● Exercise description:
Once the line with "Mickey & MInnie" is found in the entries below, print it and each following line exactly, stopping after the line with "AL-100, Acoustic-electric, Guitar"; print nothing else.

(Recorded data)
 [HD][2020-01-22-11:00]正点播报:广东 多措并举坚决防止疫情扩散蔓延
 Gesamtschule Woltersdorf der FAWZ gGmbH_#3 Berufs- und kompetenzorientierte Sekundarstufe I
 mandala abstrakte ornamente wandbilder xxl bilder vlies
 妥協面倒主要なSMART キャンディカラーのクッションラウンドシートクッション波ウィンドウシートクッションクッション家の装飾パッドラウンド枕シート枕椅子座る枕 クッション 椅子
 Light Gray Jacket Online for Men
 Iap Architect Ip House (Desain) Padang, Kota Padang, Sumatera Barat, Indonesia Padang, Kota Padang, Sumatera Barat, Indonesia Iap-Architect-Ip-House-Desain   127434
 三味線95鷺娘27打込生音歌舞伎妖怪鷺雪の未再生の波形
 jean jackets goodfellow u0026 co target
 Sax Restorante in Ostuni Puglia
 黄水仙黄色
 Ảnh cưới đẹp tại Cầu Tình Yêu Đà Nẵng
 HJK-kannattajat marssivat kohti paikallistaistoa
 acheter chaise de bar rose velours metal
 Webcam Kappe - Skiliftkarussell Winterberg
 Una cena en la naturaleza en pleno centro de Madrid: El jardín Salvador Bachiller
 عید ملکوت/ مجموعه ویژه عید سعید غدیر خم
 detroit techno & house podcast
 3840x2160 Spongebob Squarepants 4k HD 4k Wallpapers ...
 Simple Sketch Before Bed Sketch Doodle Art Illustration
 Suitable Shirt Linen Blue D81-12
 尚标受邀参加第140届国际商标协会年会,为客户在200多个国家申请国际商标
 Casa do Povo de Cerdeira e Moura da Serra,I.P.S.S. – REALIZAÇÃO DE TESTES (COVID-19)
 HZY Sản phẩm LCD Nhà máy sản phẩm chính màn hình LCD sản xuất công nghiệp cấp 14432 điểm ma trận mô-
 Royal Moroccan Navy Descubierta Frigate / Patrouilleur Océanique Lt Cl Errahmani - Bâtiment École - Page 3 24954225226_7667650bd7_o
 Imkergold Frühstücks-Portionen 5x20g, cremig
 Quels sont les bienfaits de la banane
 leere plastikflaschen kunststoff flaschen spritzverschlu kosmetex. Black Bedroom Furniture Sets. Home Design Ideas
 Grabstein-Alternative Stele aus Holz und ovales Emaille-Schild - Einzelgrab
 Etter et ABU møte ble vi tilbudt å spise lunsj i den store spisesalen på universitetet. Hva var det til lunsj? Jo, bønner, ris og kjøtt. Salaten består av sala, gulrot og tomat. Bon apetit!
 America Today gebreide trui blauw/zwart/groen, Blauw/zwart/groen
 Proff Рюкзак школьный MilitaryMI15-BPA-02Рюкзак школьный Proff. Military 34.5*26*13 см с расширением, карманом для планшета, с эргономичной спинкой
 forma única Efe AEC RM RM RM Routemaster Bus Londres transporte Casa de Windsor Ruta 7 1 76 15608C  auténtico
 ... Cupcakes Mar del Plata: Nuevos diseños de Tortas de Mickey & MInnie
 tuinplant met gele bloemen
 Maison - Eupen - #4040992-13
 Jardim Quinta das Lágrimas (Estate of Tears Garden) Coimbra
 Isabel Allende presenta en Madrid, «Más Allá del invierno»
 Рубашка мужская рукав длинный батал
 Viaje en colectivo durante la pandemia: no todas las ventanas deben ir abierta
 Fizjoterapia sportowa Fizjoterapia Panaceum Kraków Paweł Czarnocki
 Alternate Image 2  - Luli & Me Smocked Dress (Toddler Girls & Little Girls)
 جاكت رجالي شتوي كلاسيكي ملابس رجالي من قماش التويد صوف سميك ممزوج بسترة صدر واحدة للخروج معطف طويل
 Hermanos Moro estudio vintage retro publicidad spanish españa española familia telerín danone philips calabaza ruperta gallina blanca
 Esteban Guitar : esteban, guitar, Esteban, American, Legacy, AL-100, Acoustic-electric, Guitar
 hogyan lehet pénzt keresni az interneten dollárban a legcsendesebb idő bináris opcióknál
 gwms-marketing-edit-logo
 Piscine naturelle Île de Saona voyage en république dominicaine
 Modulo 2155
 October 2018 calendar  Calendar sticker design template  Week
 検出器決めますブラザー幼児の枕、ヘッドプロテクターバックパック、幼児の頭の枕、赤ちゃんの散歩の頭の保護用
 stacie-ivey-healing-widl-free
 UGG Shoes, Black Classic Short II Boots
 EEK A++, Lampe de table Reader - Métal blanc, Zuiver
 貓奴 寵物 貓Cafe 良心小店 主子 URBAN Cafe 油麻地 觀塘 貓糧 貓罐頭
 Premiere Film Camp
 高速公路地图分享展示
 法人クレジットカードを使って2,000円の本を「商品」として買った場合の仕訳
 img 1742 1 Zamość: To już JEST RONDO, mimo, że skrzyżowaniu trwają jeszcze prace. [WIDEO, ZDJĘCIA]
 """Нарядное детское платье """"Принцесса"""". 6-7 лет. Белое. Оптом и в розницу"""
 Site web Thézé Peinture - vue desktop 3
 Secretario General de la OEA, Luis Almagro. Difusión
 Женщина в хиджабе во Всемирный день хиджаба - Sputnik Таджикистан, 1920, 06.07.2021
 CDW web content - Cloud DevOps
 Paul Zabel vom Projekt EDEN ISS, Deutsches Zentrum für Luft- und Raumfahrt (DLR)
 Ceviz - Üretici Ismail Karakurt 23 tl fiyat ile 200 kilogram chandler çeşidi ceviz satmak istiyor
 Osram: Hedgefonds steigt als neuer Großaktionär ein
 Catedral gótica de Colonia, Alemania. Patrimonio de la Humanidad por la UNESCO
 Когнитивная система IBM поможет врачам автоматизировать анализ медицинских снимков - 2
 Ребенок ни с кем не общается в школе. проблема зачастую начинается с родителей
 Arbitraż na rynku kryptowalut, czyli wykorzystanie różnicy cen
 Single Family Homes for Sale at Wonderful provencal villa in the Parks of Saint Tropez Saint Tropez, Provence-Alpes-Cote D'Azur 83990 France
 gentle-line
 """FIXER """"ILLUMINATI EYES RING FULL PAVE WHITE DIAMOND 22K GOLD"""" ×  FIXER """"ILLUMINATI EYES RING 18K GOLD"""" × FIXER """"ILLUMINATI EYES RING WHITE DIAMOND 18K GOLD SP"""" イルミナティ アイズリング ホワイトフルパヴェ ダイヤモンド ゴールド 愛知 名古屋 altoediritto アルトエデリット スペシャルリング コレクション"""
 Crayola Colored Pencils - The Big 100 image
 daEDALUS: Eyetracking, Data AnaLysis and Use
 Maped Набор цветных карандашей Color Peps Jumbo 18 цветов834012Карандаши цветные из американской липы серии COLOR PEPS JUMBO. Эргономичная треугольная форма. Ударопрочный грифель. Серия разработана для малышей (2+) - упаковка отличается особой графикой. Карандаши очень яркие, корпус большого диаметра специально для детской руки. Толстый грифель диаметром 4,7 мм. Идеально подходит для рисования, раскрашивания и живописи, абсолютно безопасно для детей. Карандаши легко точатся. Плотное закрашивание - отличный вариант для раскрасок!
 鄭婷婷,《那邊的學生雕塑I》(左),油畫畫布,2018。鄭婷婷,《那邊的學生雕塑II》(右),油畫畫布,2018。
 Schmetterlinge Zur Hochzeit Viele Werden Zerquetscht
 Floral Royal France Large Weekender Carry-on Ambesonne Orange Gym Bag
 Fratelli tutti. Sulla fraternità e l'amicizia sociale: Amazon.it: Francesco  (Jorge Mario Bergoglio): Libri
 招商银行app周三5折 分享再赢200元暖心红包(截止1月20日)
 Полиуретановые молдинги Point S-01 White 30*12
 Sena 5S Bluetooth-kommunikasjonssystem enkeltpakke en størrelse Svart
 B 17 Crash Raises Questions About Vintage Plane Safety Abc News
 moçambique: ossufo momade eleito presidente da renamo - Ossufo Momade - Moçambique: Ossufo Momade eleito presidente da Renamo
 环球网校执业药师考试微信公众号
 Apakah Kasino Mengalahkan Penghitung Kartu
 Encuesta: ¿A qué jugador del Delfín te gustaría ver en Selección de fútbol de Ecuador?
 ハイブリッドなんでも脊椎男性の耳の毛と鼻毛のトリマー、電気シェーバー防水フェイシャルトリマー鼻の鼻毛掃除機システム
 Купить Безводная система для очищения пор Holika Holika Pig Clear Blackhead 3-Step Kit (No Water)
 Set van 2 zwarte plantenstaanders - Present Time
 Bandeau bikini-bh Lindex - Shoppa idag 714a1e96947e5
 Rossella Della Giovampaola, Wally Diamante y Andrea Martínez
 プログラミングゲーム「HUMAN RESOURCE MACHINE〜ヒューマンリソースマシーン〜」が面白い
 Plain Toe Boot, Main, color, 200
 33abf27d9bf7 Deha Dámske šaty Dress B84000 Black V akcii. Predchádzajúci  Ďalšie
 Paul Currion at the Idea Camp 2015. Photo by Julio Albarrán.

● Response to this exercise:
 ... Cupcakes Mar del Plata: Nuevos diseños de Tortas de Mickey & MInnie
 tuinplant met gele bloemen
 Maison - Eupen - #4040992-13
 Jardim Quinta das Lágrimas (Estate of Tears Garden) Coimbra
 Isabel Allende presenta en Madrid, «Más Allá del invierno»
 Рубашка мужская рукав длинный батал
 Viaje en colectivo durante la pandemia: no todas las ventanas deben ir abierta
 Fizjoterapia sportowa Fizjoterapia Panaceum Kraków Paweł Czarnocki
 Alternate Image 2  - Luli & Me Smocked Dress (Toddler Girls & Little Girls)
 جاكت رجالي شتوي كلاسيكي ملابس رجالي من قماش التويد صوف سميك ممزوج بسترة صدر واحدة للخروج معطف طويل
 Hermanos Moro estudio vintage retro publicidad spanish españa española familia telerín danone philips calabaza ruperta gallina blanca
 Esteban Guitar : esteban, guitar, Esteban, American, Legacy, AL-100, Acoustic-electric, Guitar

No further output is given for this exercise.